# The Holy Spirit in the Fog Machine



## Bill The Baptist (Mar 3, 2016)

Here is a funny bit of satire regarding modern worship. http://babylonbee.com/news/holy-spirit-unable-move-congregation-fog-machine-breaks/


----------



## BGF (Mar 3, 2016)

Truly "horrific".


----------



## earl40 (Mar 3, 2016)

Sadly this is not totally satirical.


----------



## Bill The Baptist (Mar 3, 2016)

earl40 said:


> Sadly this is not totally satirical.



Indeed. I have actually been to churches that used fog machines.


----------



## Parakaleo (Mar 3, 2016)

I met a young man who told me he played a fiddle in some charismatic church. He said he used to get bored and start playing really fast just to watch everyone get worked up. Later, people would tell him that they really felt the Spirit moving.
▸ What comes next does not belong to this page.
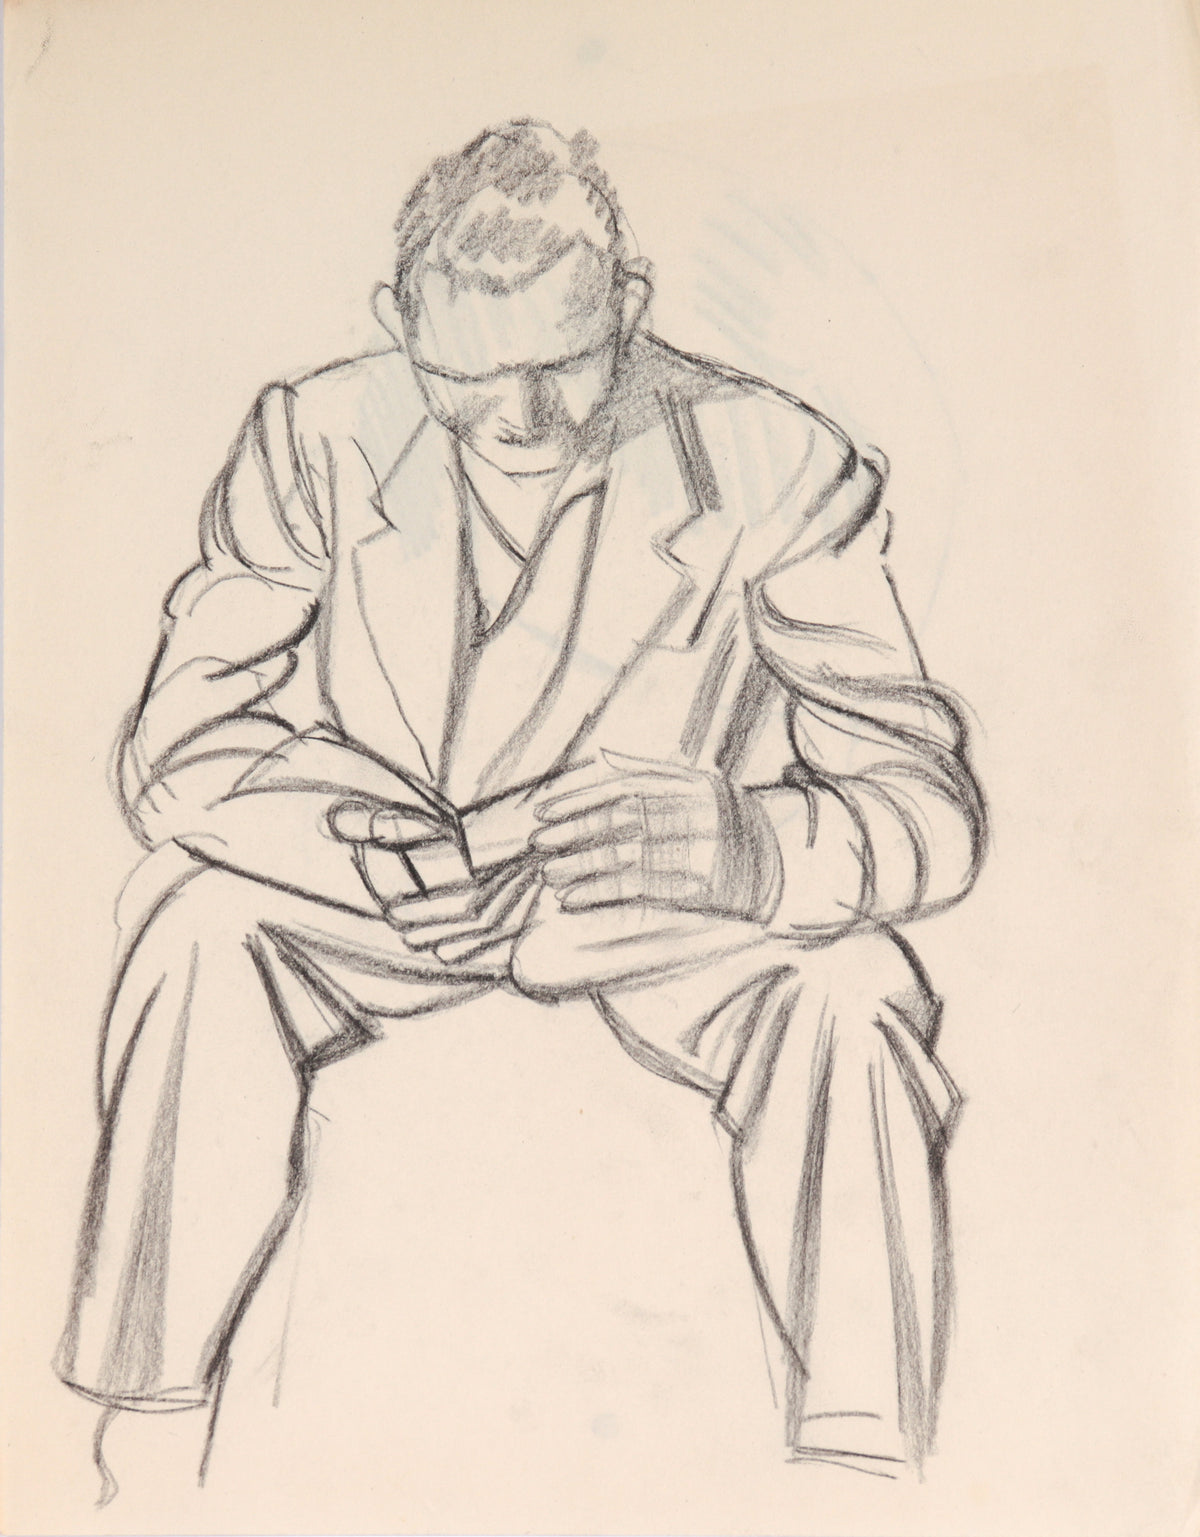 Seated Reading Figure&lt;br&gt;Mid 20th Century Graphite&lt;br&gt;&lt;br&gt;#C3958

> “To what then shall I compare the people of this generation, and what are they like? They are like children sitting in the marketplace and calling to one another, ‘We played the flute for you, and you did not dance; we sang a dirge, and you did not weep.’" Luke 7:31-32


----------



## Bill The Baptist (Mar 3, 2016)

Parakaleo said:


> I met a young man who told me he played a fiddle in some charismatic church. He said he used to get bored and start playing really fast just to watch everyone get worked up. Later, people would tell him that they really felt the Spirit moving.
> 
> 
> 
> > “To what then shall I compare the people of this generation, and what are they like? They are like children sitting in the marketplace and calling to one another, ‘We played the flute for you, and you did not dance; we sang a dirge, and you did not weep.’" Luke 7:31-32



My question for people like this is, how come the Holy Spirit only moves during the songs you like?


----------



## StephenG (Mar 3, 2016)

Revivalism is quite sad. Young people like myself are being sucked into this movement and being convinced that if they don't feel a certain way, then the Spirit must not be "moving." It's creating false converts and gnawing at the assurance of people who are saved.


----------



## lynnie (Mar 3, 2016)

My son told me about three young people he knows who left their church to attend one with a fog machine.They are all musical and into the singing part of worship, and thought this was a better church. Can't even get my brain around it.


----------



## johnny (Mar 3, 2016)

Wouldn't this kind or worship come under the mantle of strange fire.
Where there's smoke, there's dry ice.


----------